In the absence of an alternative identifier, the answer seems to be a resounding “yes” to all of the above.
Henning Schulzrinne, U.S. Federal Communications Commission CTOAt the recent SIPNOC 2013 event, U.S. Federal Communications Commission CTO Henning Schulzrinne gave a presentation (slides available) about “Transitioning the PSTN to IP” where he made a point about the changes around telephone numbers and their uses (starting on slide 14) and specifically spoke about this use of phone numbers for devices (slide 20).
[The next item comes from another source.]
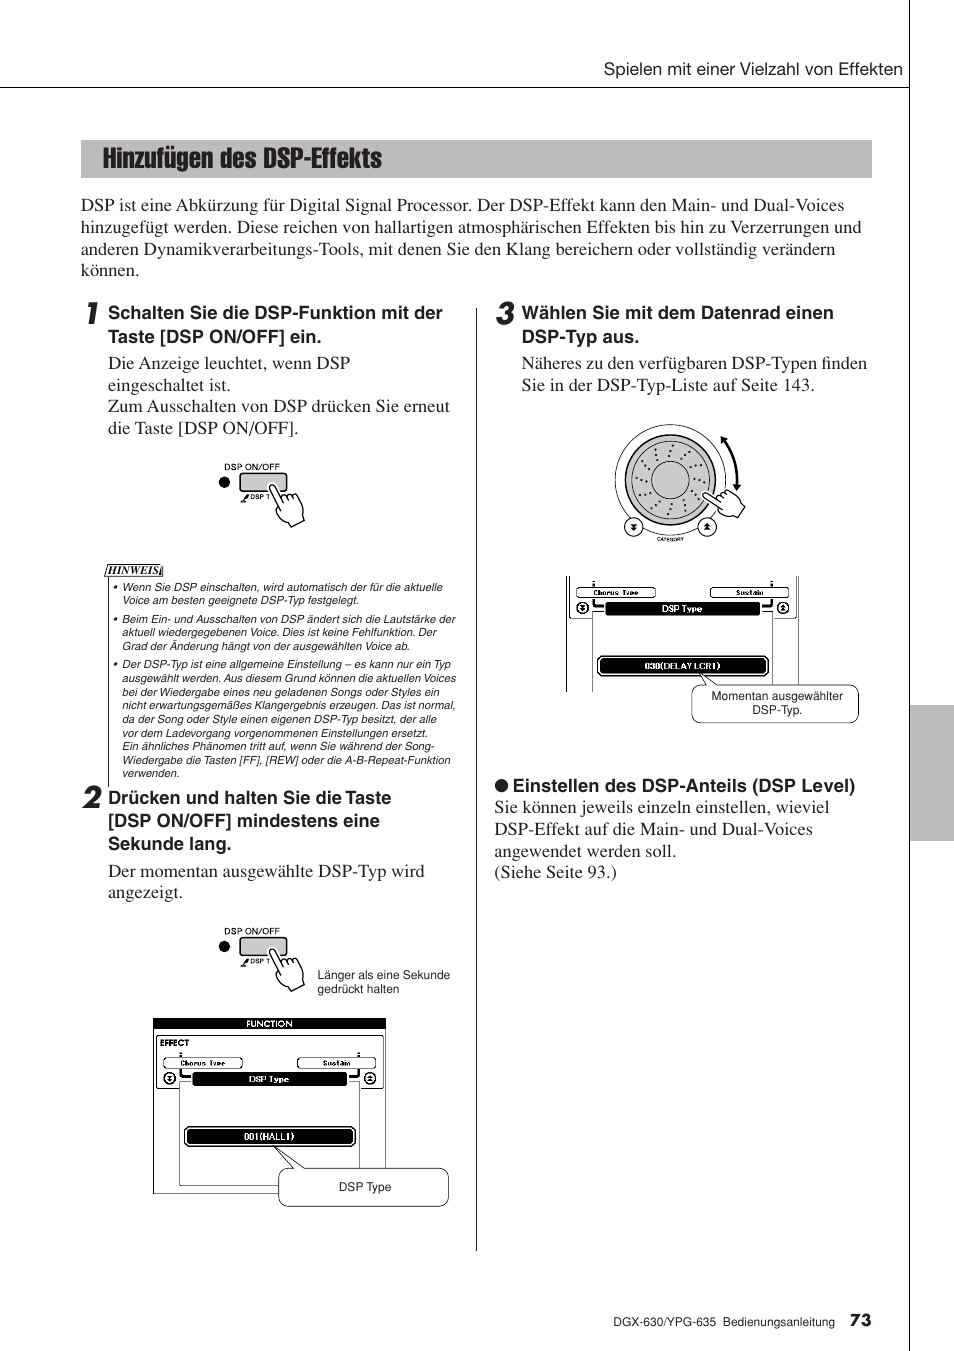 Hinzufügen des dsp-effekts, Seite 73 | Yamaha DGX-630 Benutzerhandbuch | Seite 73 / 160

While his perspective is obviously oriented to North America and country code +1, the trends he identifies point to a common problem:
What do we use as an application-layer identifier for Internet-connected devices?
In a subsequent conversation, Henning indicated that one of the area codes seeing the largest amount of requests for new phone numbers is one in Detroit—because of the automakers need to provision new cars with navigation systems such as OnStar that need an identifier.
Why Not IPv6 Addresses?
Naturally, doing the work I do promoting IPv6 deployment, my first reaction was of course:
“Can’t we just give all those devices IPv6 addresses and be done with it?”
The answer turns out to be a bit more complex. Yes, we can give all those devices IPv6 addresses (and almost certainly will as we are simply running out of IPv4 addresses), but:
1. Vendors Don’t Want To Be Locked In To Infrastructure – Say you are a utility and you deploy 1,000 smart meters in homes in a city that all connect back to a central server to provide their information. They can connect over the Internet using mobile 3G/4G networks and in this case they could use an IPv6 address or any other identifier. They don’t need to use a telephone number when they squirt their data back to the server. However, the use of IP addresses as identifiers then ties the devices to a specific Internet Service Provider. Should the utility wish to change to a different provider of mobile Internet connectivity, they would now have to reconfigure all their systems with the new IPv6 addresses of the devices. Yes, they could obtain their own block of “Provider Independent (PI)” IPv6 addresses, but now they add the issue of having to have their ISP route their PI address block across that provider’s network.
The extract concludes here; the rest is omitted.